### The task
Pictures in the material below are to be left out, and only the lines from the line with "Custom Sizes Grass" up to and including the line with "Leith, Scotland, UK." are to be written out exactly.

### Extracted information
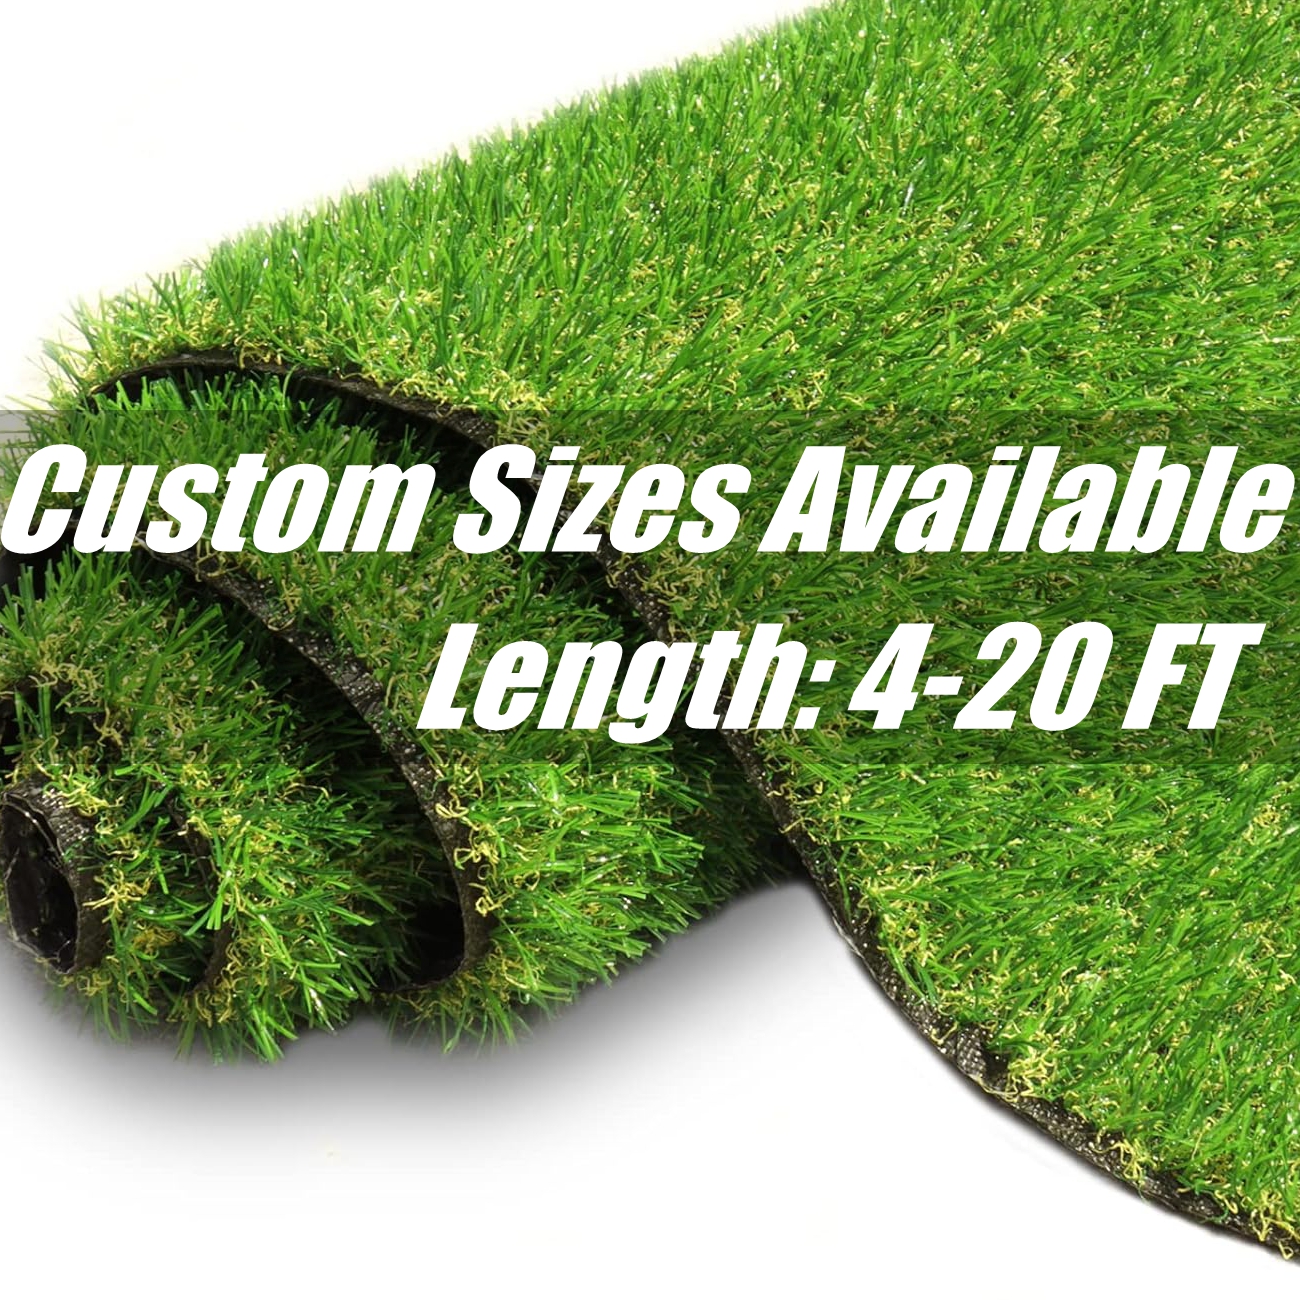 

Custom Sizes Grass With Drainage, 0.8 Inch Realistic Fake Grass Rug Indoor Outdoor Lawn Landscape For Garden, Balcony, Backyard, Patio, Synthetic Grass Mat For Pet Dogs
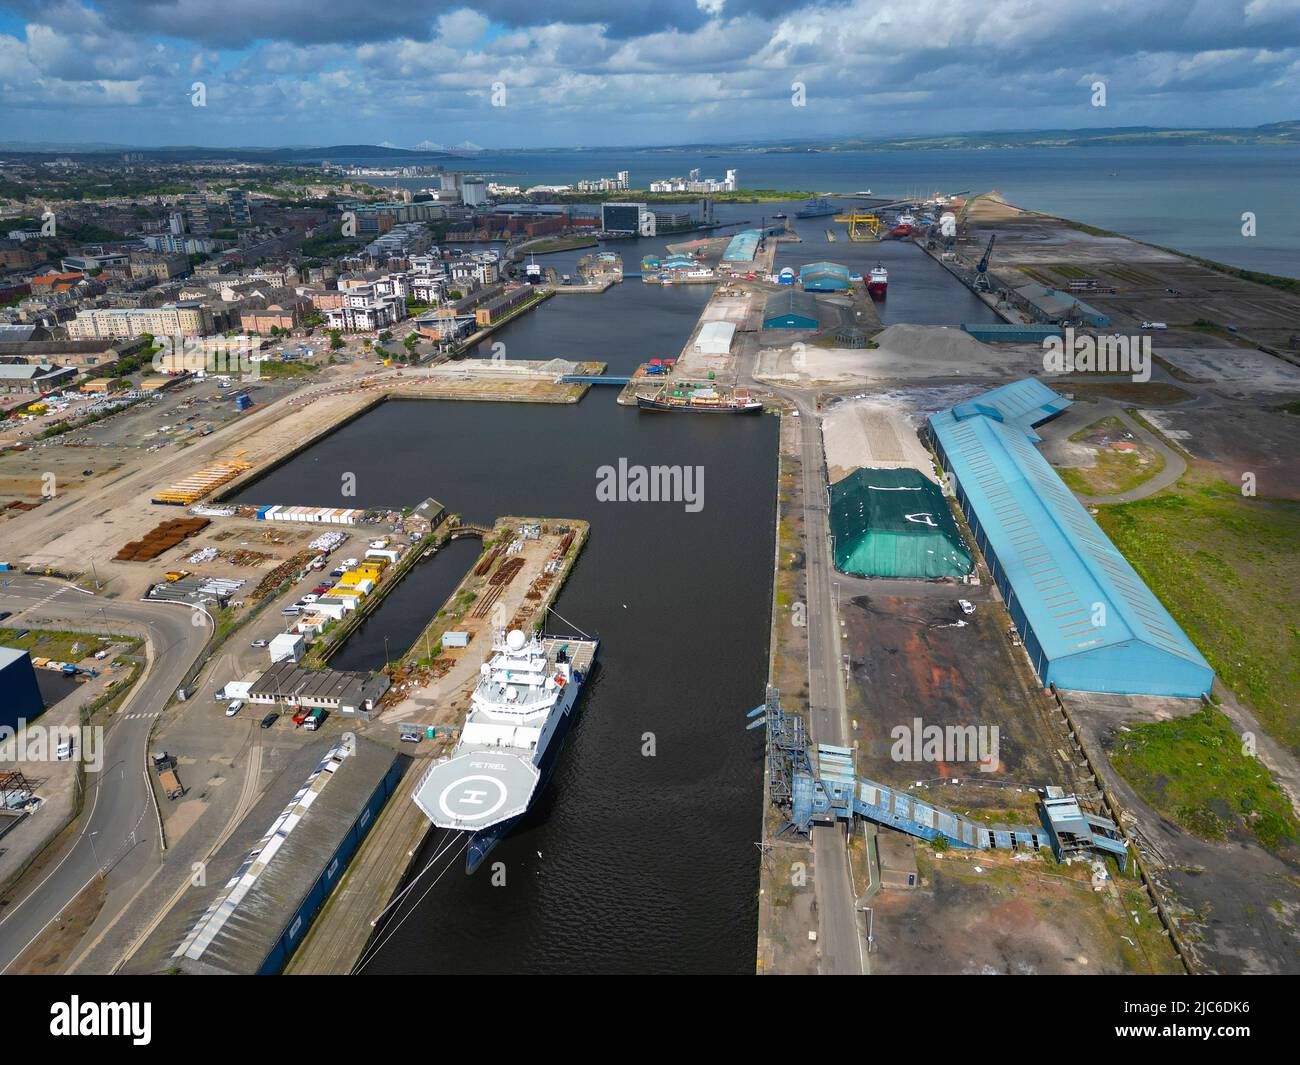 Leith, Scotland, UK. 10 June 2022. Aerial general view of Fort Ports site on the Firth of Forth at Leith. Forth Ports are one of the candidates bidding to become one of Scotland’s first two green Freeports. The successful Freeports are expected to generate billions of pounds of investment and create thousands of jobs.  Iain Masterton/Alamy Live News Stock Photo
...
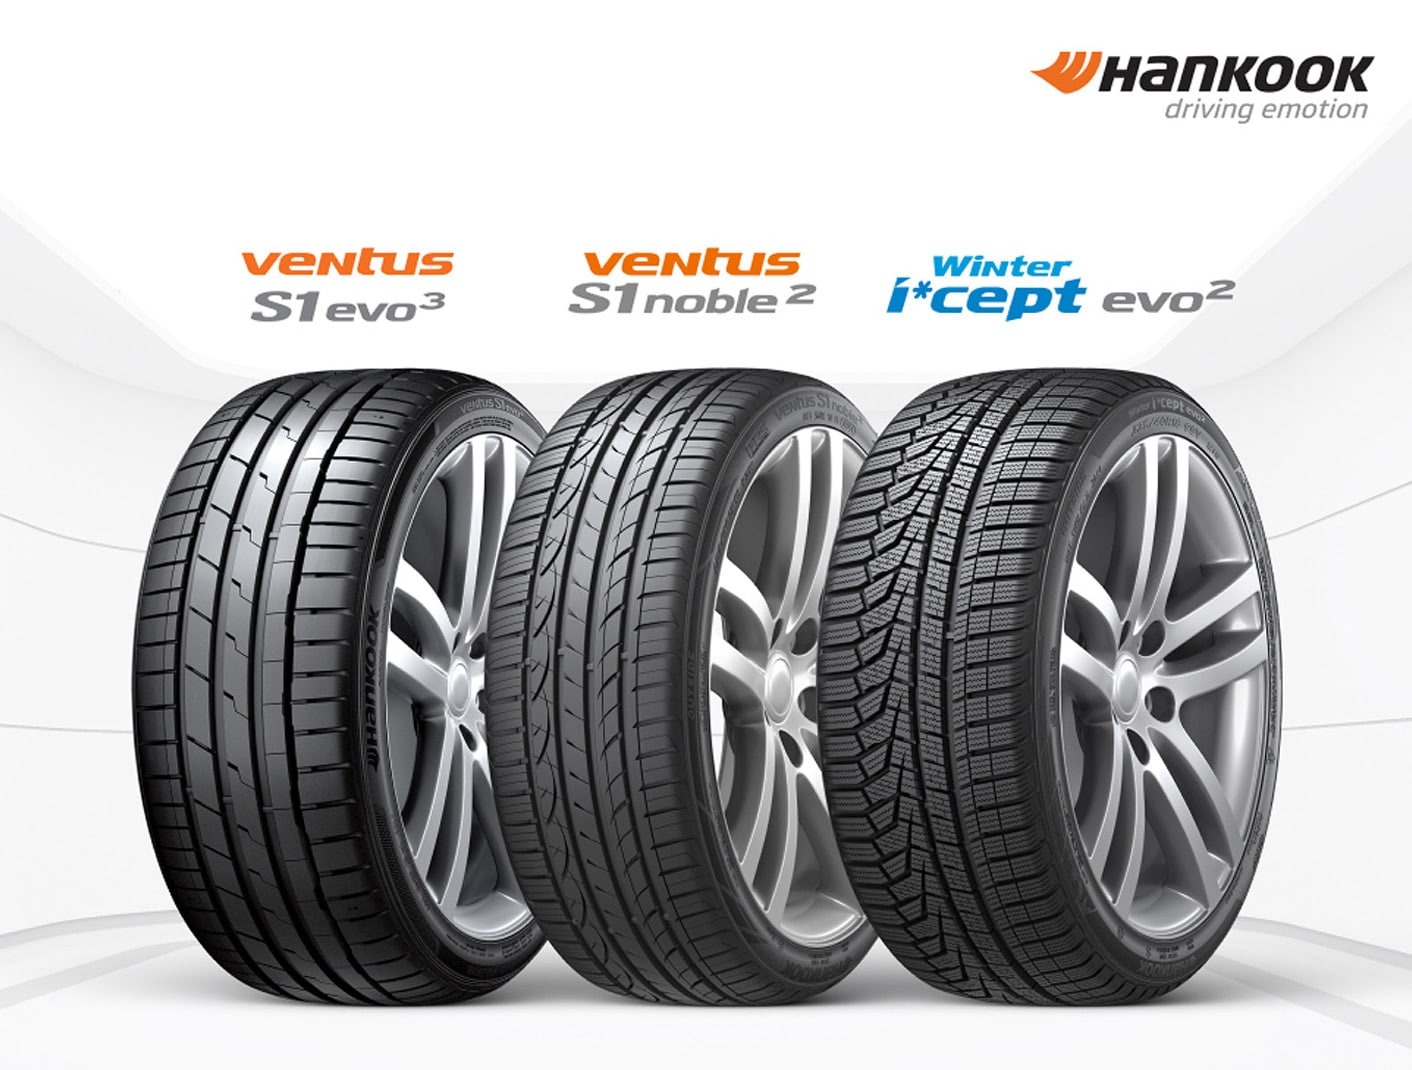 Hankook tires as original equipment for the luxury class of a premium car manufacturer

### Output for this exercise
Custom Sizes Grass With Drainage, 0.8 Inch Realistic Fake Grass Rug Indoor Outdoor Lawn Landscape For Garden, Balcony, Backyard, Patio, Synthetic Grass Mat For Pet Dogs
 Leith, Scotland, UK. 10 June 2022. Aerial general view of Fort Ports site on the Firth of Forth at Leith. Forth Ports are one of the candidates bidding to become one of Scotland’s first two green Freeports. The successful Freeports are expected to generate billions of pounds of investment and create thousands of jobs.  Iain Masterton/Alamy Live News Stock Photo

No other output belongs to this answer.